It’s been a long time coming but as of 1 January 2018, we have been able to understand the workings of the ACT Government much better, with some of the country’s most comprehensive Freedom of Information (FOI) laws coming into effect from the beginning of the new year.
These new laws have been designed to create a more open government and mean that government information will be much more available and accessible. They aim to create an expectation that the public has a right to government information and access to this information is essential for an effective democracy.
From now on, the Government must proactively publish expert reports, policy documents, and information such as agency activities and budgeting. Government information that has to date been wrapped in secrecy – information such as incoming minister briefs, question time briefs, estimates and annual reports briefs, will be required to be published after five years. Ministers’ diaries must also be published to provide transparency around who is meeting who, and which organisations and bodies are trying to persuade elected officials of the merits of their particular ideas and proposals. This is called the ‘push model’ for the provision of information and means that information that previously would have been required to go through an FOI process to become public will now be available as a matter of course, unless it is contrary to the public interest to do so.
Whether it be proactively available information, or information that is the subject of a specific FOI request, the new laws establish a new framework for determining the public interest in the disclosure or non-disclosure of government information. This is weighted much more heavily towards releasing information to the public as information can only remain confidential where it is necessary to protect essential public interests (including the right to privacy), or when the information is held by certain statutory office holders who must decide the release of information under a different statutory scheme and where the information they have obtained from another government agency may be able to be accessed through that agency directly.

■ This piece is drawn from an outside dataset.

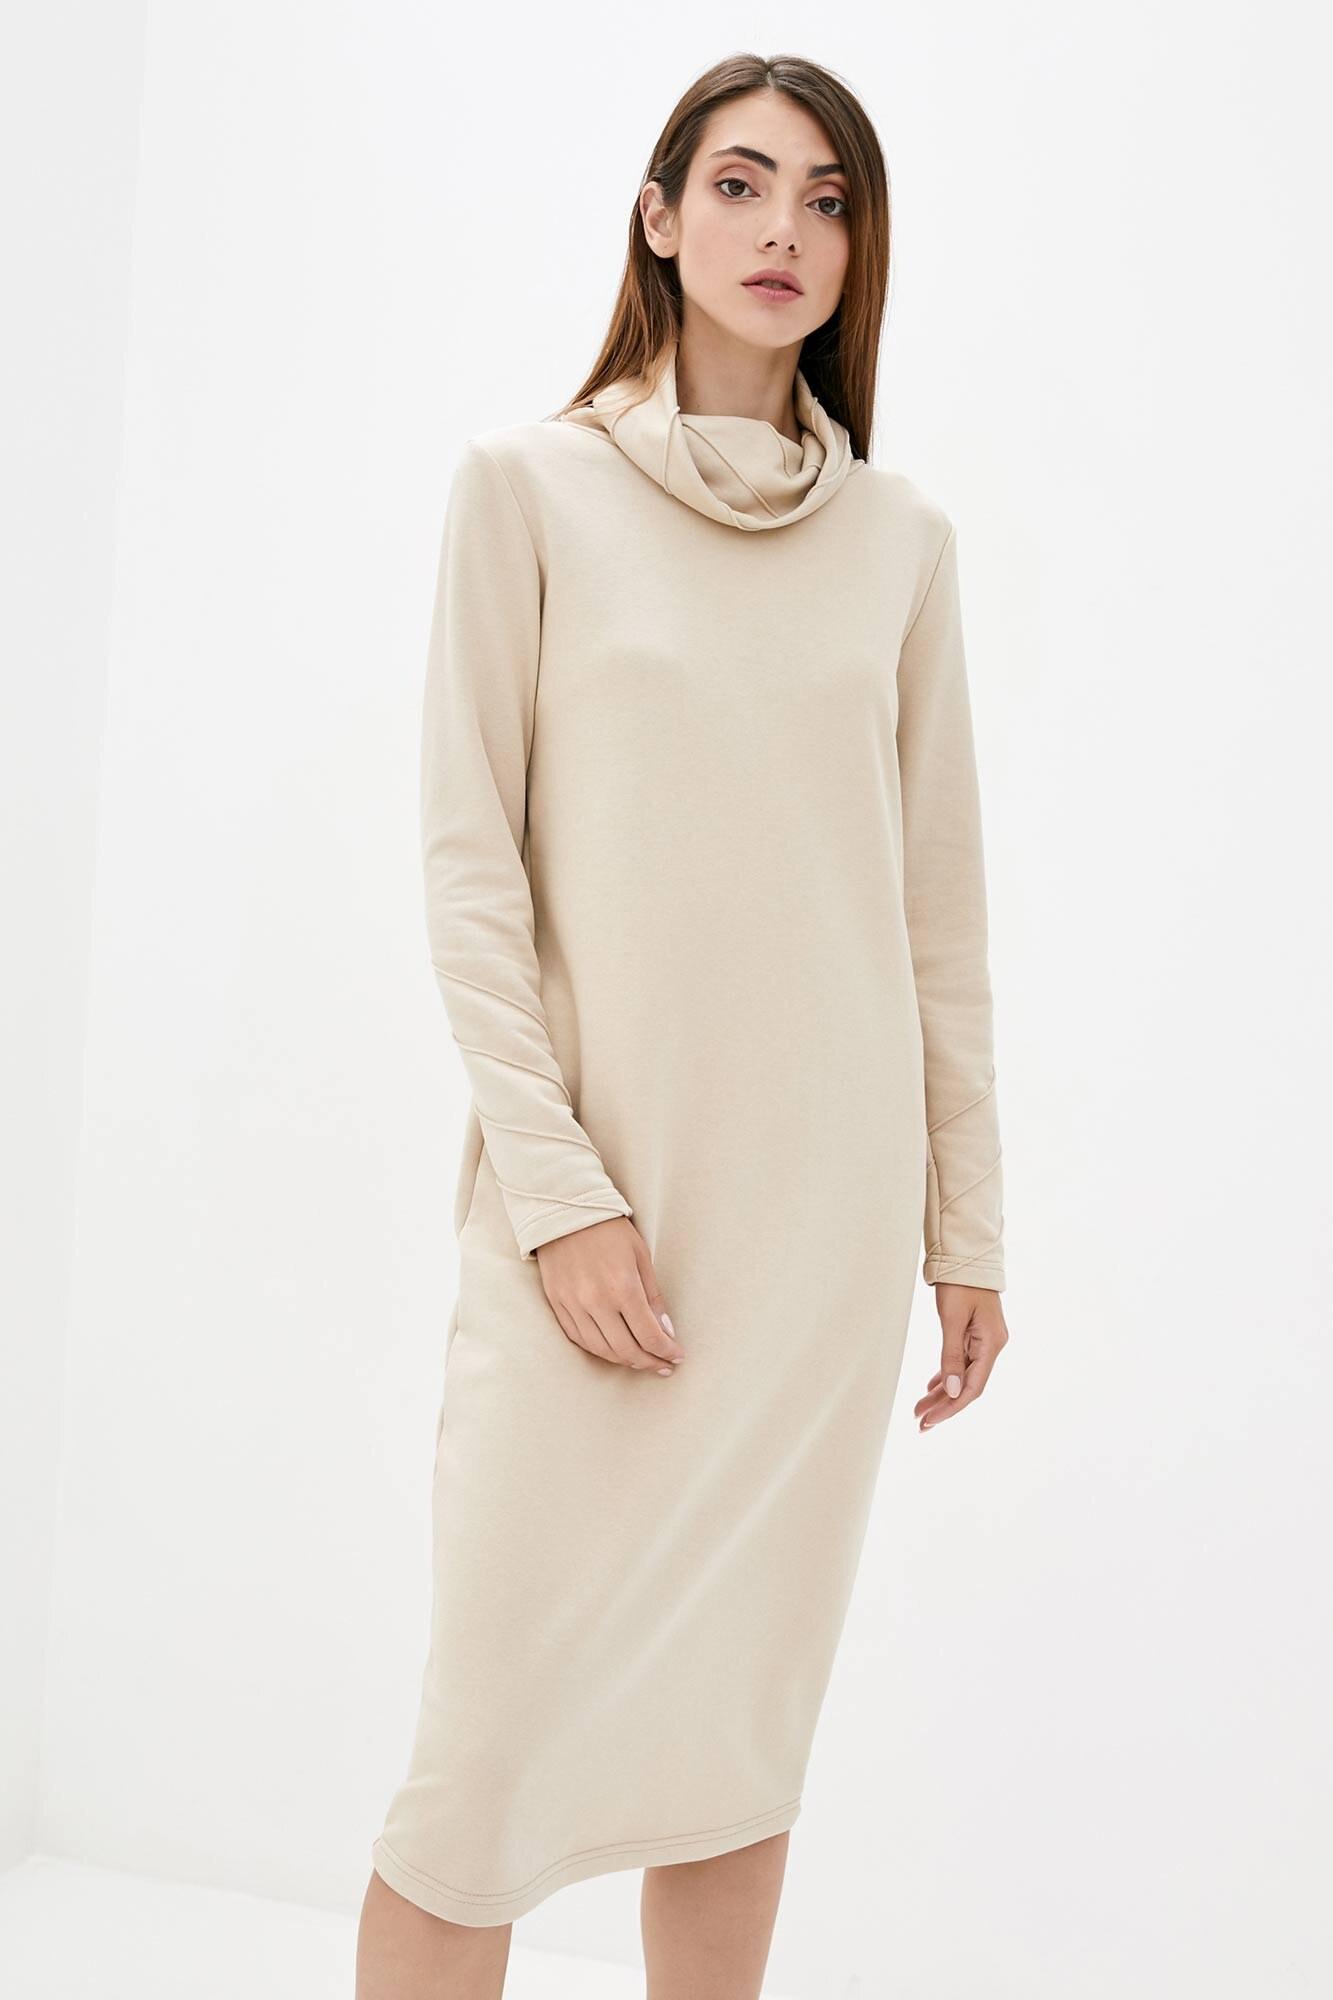 Трикотажное платье гольф бежевого цвета длиной ниже колен

There is also a greater role for the ACT Ombudsman around the review of decisions and complaints – meaning that Government agencies’ rejection of requests on the grounds of public interest will be scrutinised by a third party. Further review processes are also available through the ACT Civil and Administrative Tribunal.
These laws have been the subject of much discussion and wrangling. Proposals were flagged in the previous 2012 Parliamentary Agreement but were not passed until 2016. When the proposed legislation was introduced in August 2016 by ACT Green’s MLA Shane Rattenbury, there was significant discussion and many amendments were introduced during this debate. As a result, some proposals such as including Cabinet documents in the regime, and reducing the time limit for the release of sensitive documents from five years to three years was seen as a bridge too far for the major parties.
While some compromise was needed to get the laws passed, these are a real step forward in transparency and accountability around government decision making. These laws are important in increasing public confidence in government decision making and will complement other reforms such as the establishment of new bodies such as such as the Independent Integrity Commission.
I think these new laws are a big step forward in increasing the transparency and accountability of governments, will improve government decision making and will make our democracy stronger. What do you think?
Rebecca is an active member of the ACT Greens and was a candidate in the 2016 Territory election.